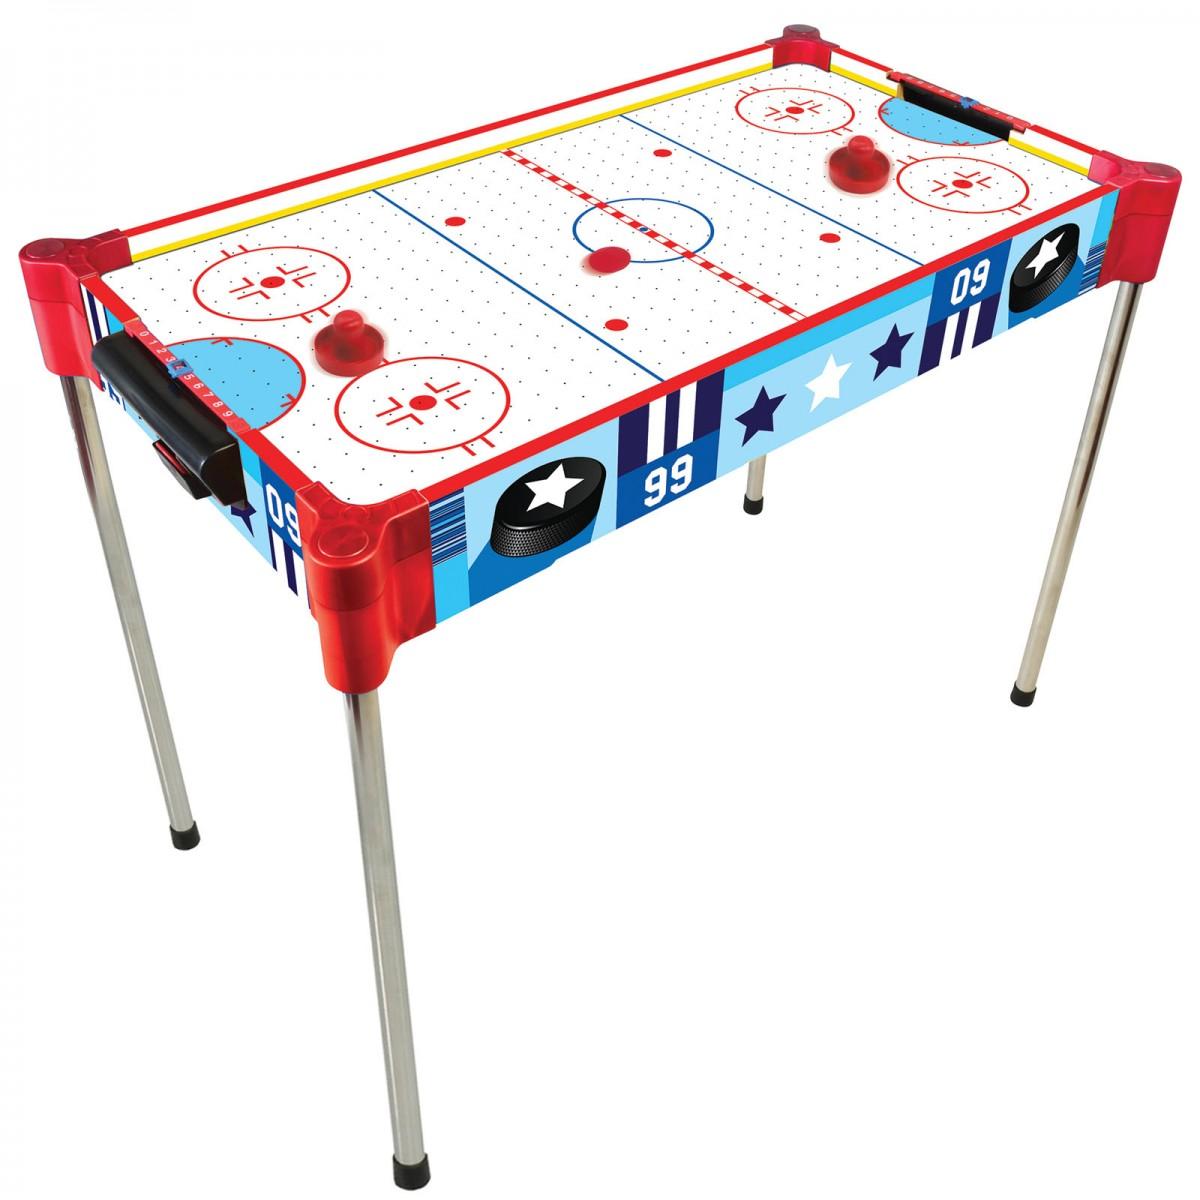 32 82cm 2 in 1 table tabletop air hockey - Tournament air hockey table ...
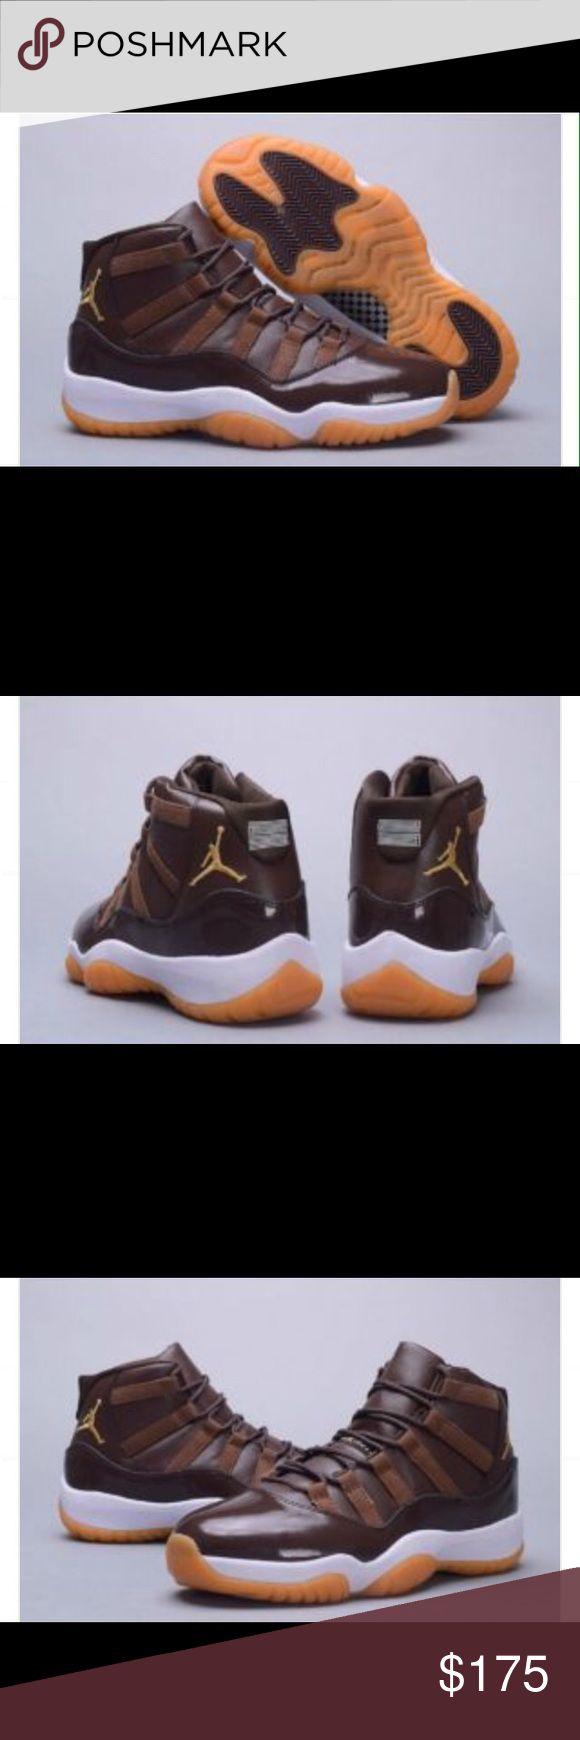 Air Jordan's Retro 11 Basketball Shoes Air Jordan Retro 11 Men's sizes 7-14 Jordan Shoes Athletic Shoes
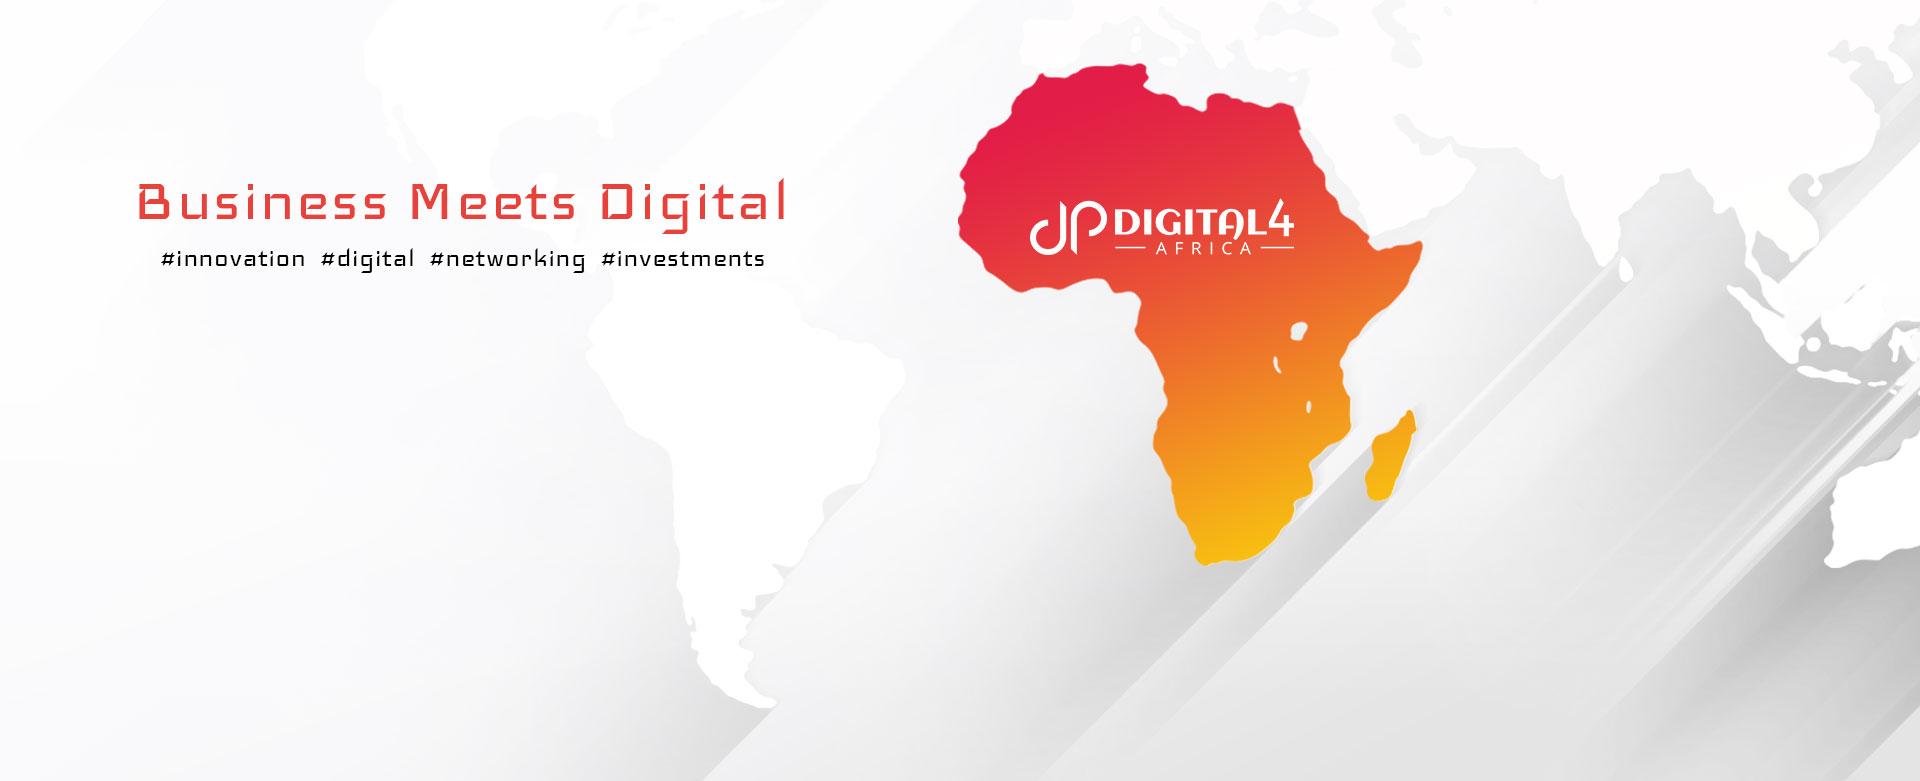 Digital4 Africa

####

*REQUIRED WORK:*
In full and without error, repeat the listing above, omitting its images.

*ANSWER BELOW:*
 32 82cm 2 in 1 table tabletop air hockey - Tournament air hockey table ...
 Air Jordan's Retro 11 Basketball Shoes Air Jordan Retro 11 Men's sizes 7-14 Jordan Shoes Athletic Shoes
 Digital4 Africa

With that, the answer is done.